We asked the guys at Sigelei to pop in a couple of these in with our order.

The Sigelei Legend V2

More info and pricing will be released tomorrow.

Reactions: Like 2 | Winner 1


----------



## ibanez (19/8/14)

I have one. Think it's great!!!


Sent from my iPhone using Tapatalk

Reactions: Winner 1


----------



## Sir Vape (19/8/14)

ibanez said:


> I have one. Think it's great!!!
> 
> 
> Sent from my iPhone using Tapatalk


----------



## ibanez (19/8/14)

Topped with a Kanger Aerotank V2 with Flavour Art Condensed Milk Flavour. Sitting quietly in a hotel bar somewhere in theUkraine 


Sent from my iPhone using Tapatalk

Reactions: Like 3 | Winner 1


----------



## Sir Vape (19/8/14)

Niiiiiiiicccceee!!!

Reactions: Like 1


----------



## rogue zombie (13/9/14)

Hey Senhor Vape
Did you or are you going to get these?


Sent via a NASA satellite which gathers my thoughts and relays them to the world


----------



## Sir Vape (13/9/14)

Hey man.
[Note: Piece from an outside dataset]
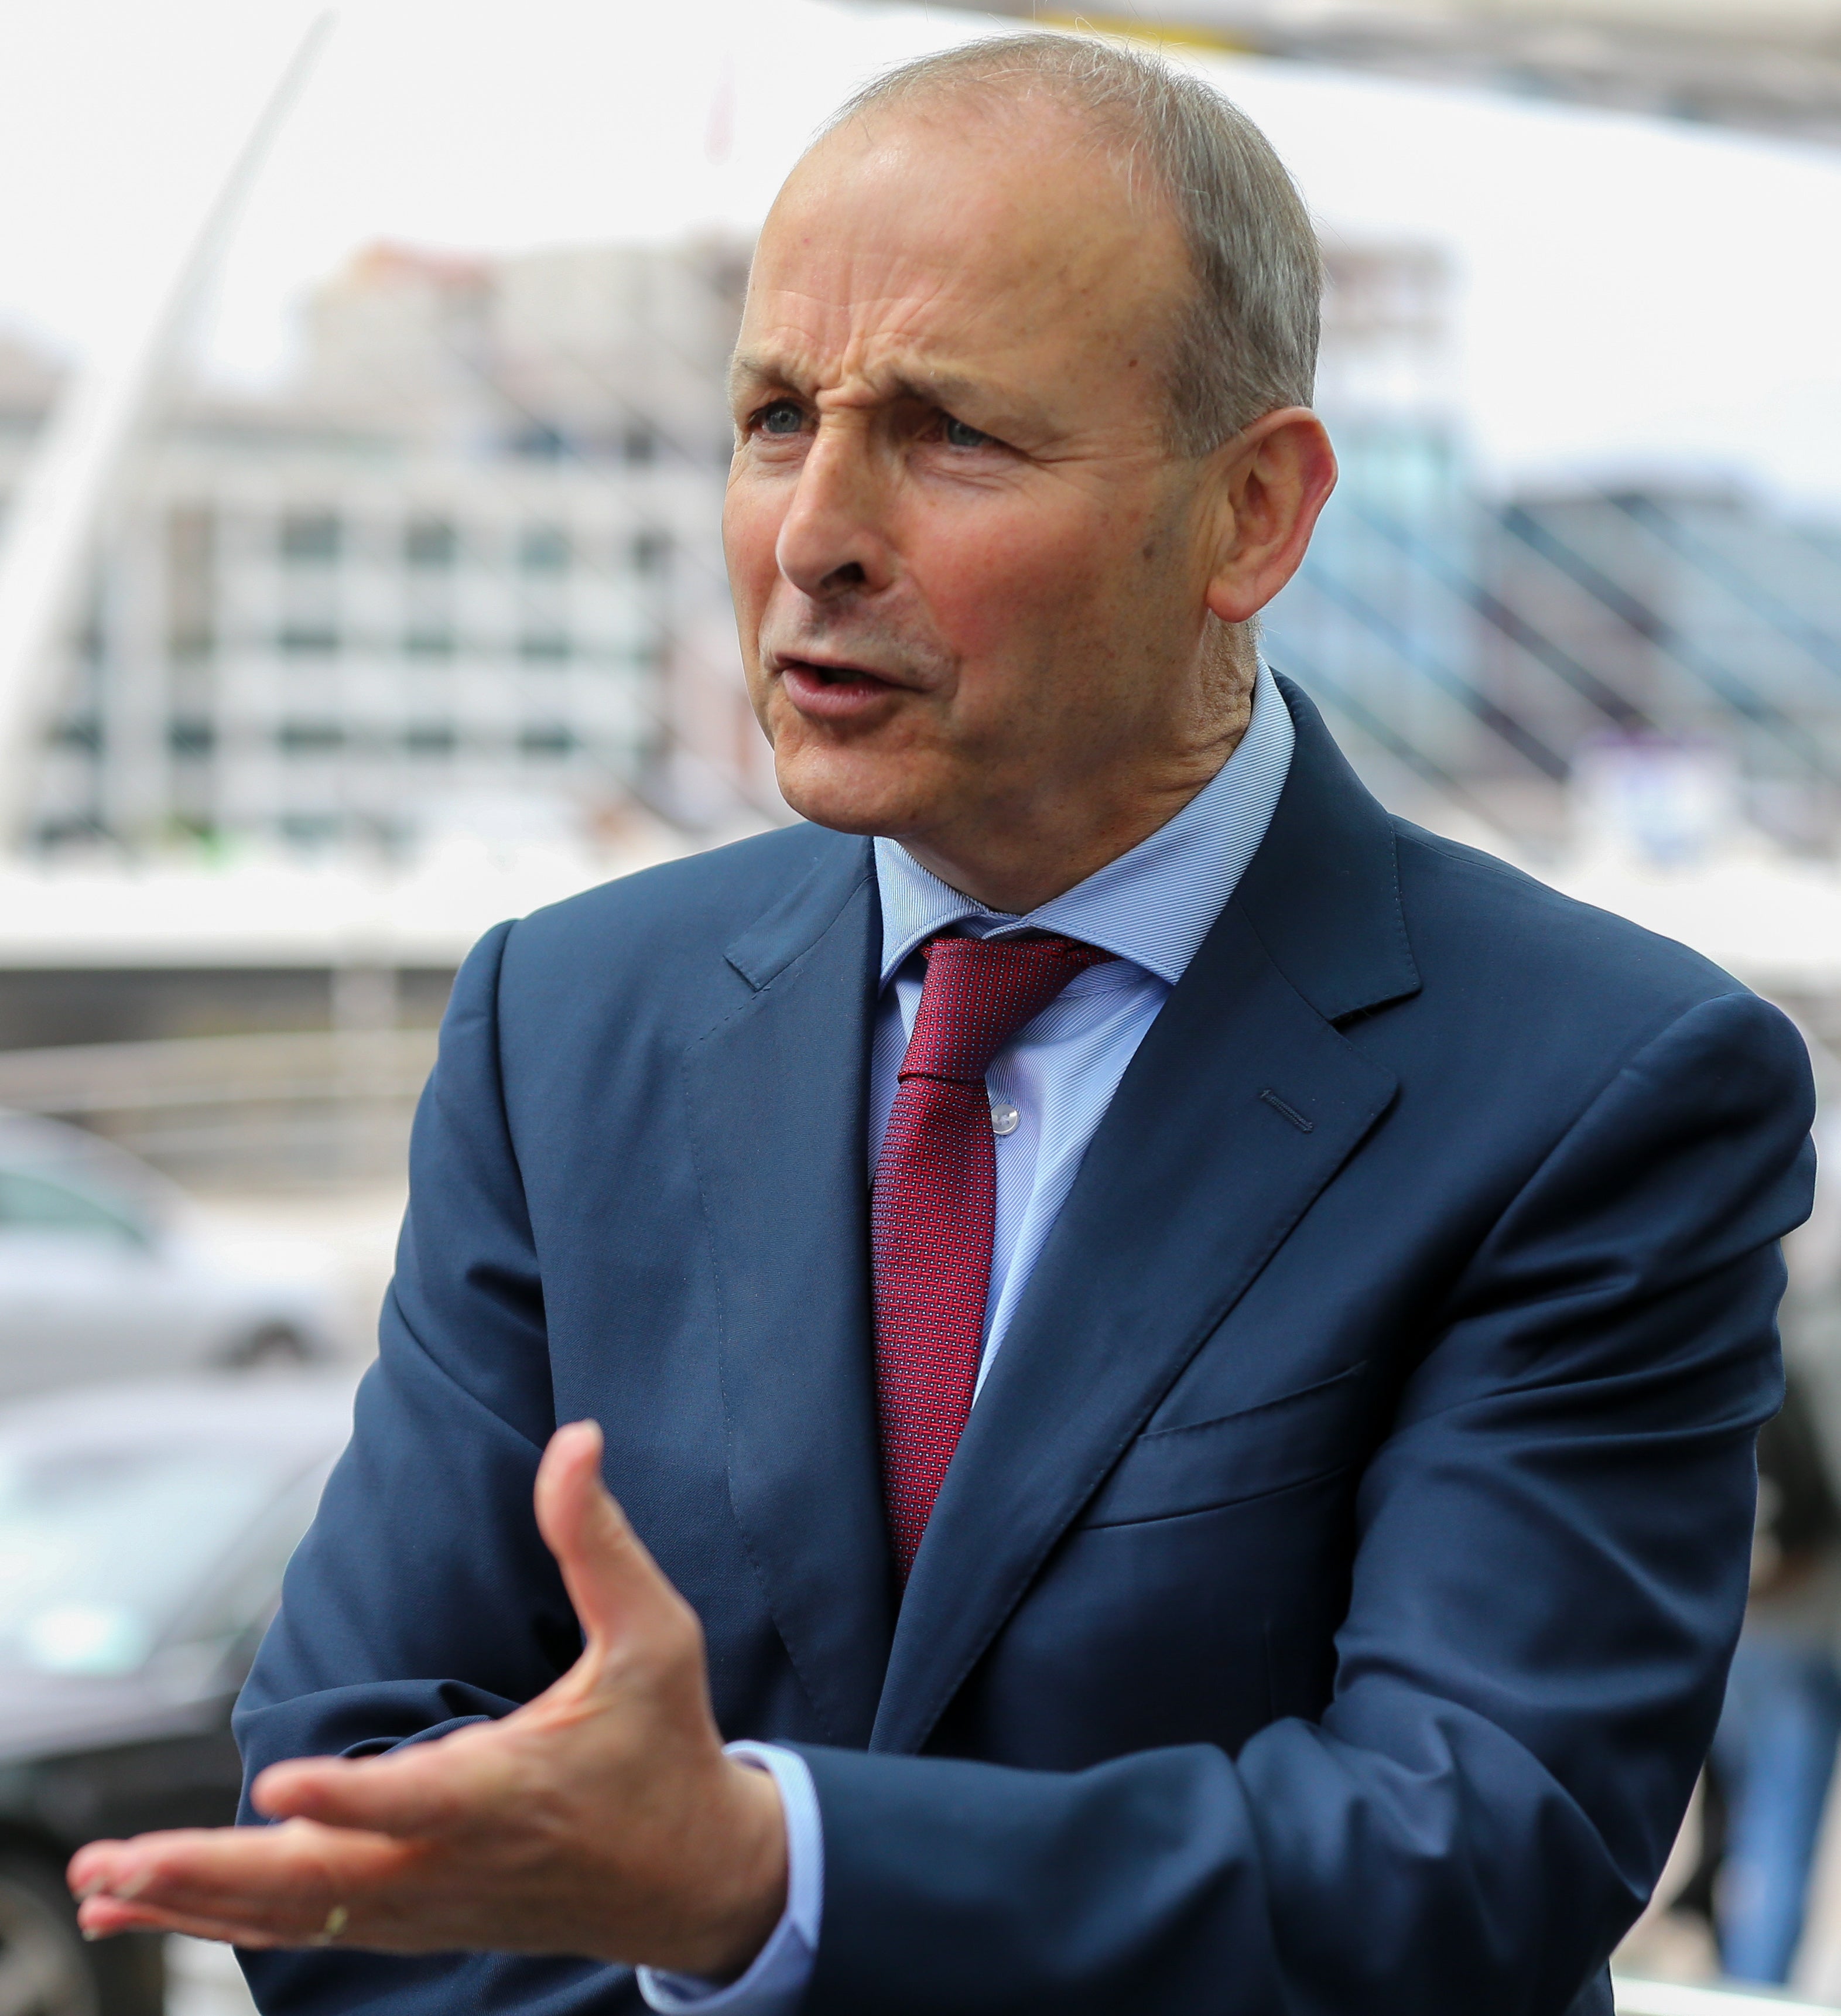 Micheal Martin says he wants to avoid a trade war

Yip we have a couple coming in a week or so.

Reactions: Like 1


----------



## rogue zombie (13/9/14)

Nice, and how much will they be? 


Sent via a NASA satellite which gathers my thoughts and relays them to the world


----------



## Sir Vape (20/9/14)

The confirmed pricing on the Legend V2 is R1050. Email me on asksirvape@gmail.com. Orders to be couriered Monday.


----------



## Sir Vape (22/9/14)

All orders were packed this morning guys and are awaiting collection from our courier. You will have these in your hands tomorrow  Will email tracking numbers once collected.


----------